Lumped-kinetic modeling and experiments on co-pyrolysis of palm kernel cake with polystyrene using a closed-tubing reactor to upgrade pyrolysis products

Abstract

Lumped-kinetic modeling and experiments (with validation) were performed on palm kernel cake/polystyrene (PKC/PS) blend co-pyrolysis in a closed-tubing reactor. The lsqcurvefit function and ode solver defined in the Matlab software were properly applied to predict the profile of product yields and to determine exactly the kinetic parameters of the reactions involved in PKC/PS blend co-pyrolysis.

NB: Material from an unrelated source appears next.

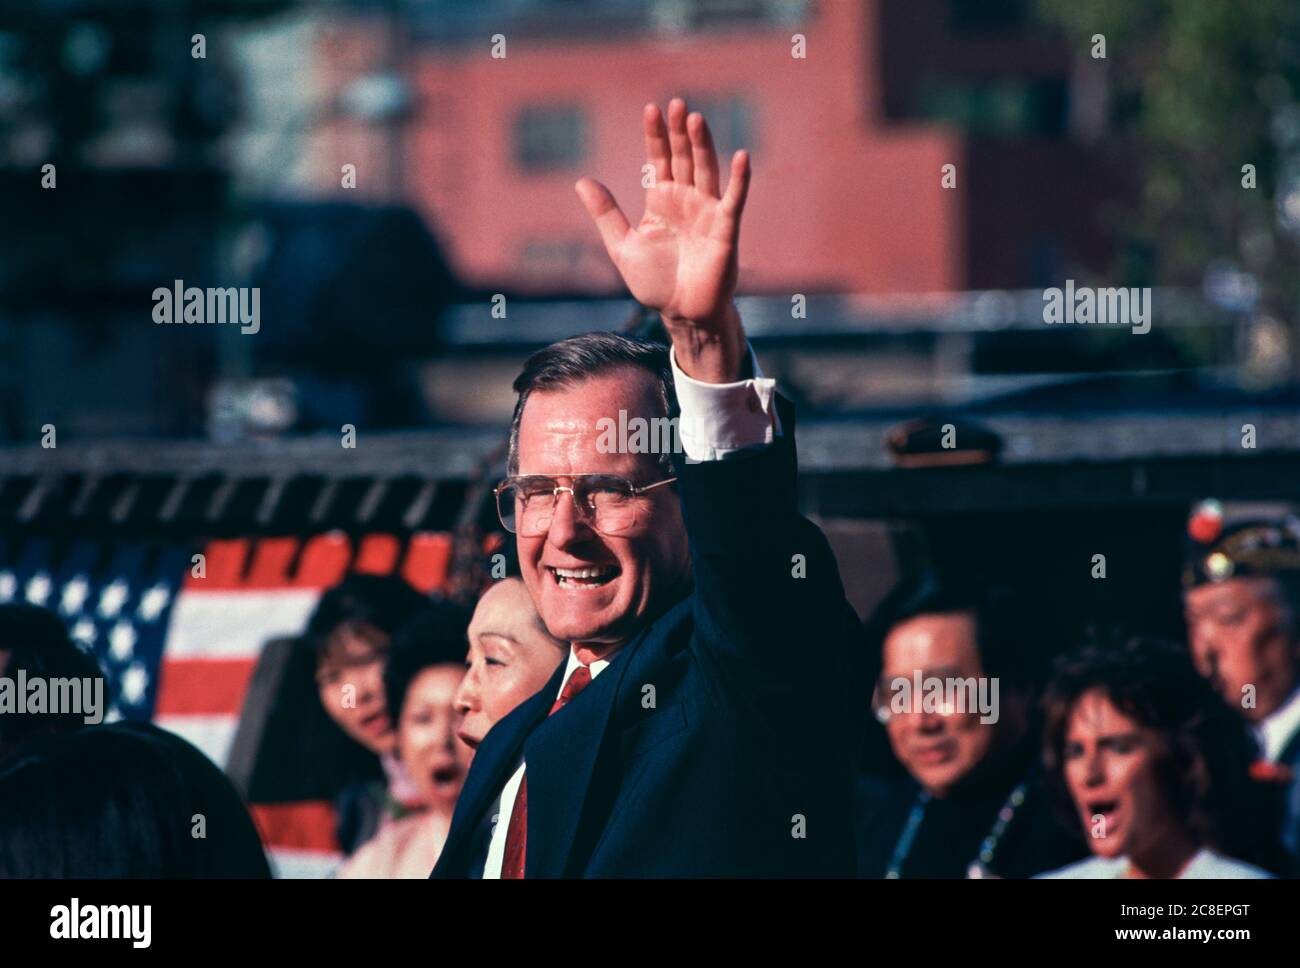 George Bush, George Herbert Walker Bush (1924-2018) in San Francisco Chinatown während seiner Präsidentschaftskampagne 1988. Republikaner, George H.W. Bush wurde der 41. Präsident der Vereinigten Staaten, 1989 bis 1993. Stockfoto

The different iso-conversional methods based on thermogravimetric analysis were used to calculate the activation energy needed for thermal decomposition of PKC, PS, and the PKC/PS blend. A synergistic effect existed in the blend of PKC/PS (with 20 wt% PS) because its activation energy was lower than that of the individual materials. The co-pyrolysis not only improved the quantity but also the quality of the bio-oil product, providing a high proportion of aromatic hydrocarbons. The O and N contents of the bio-oil were reduced during co-pyrolysis via the hydrodeoxygenation and hydrodenitrogenation reactions. The highest heating value of the oil was 34.17 MJ/kg obtained in co-pyrolysis of PKC/PS at 773 K for 12 min. The co-pyrolysis increased the selectivity of H2 and hydrocarbon gases, and decreased the COx content. The biochar with high heating value and inorganic compounds content, and having a porous structure, can act as a catalyst and can be used as a solid fuel. This approach provides an efficient method for upgrading comprehensively the pyrolysis products using PS as the H2-donor source.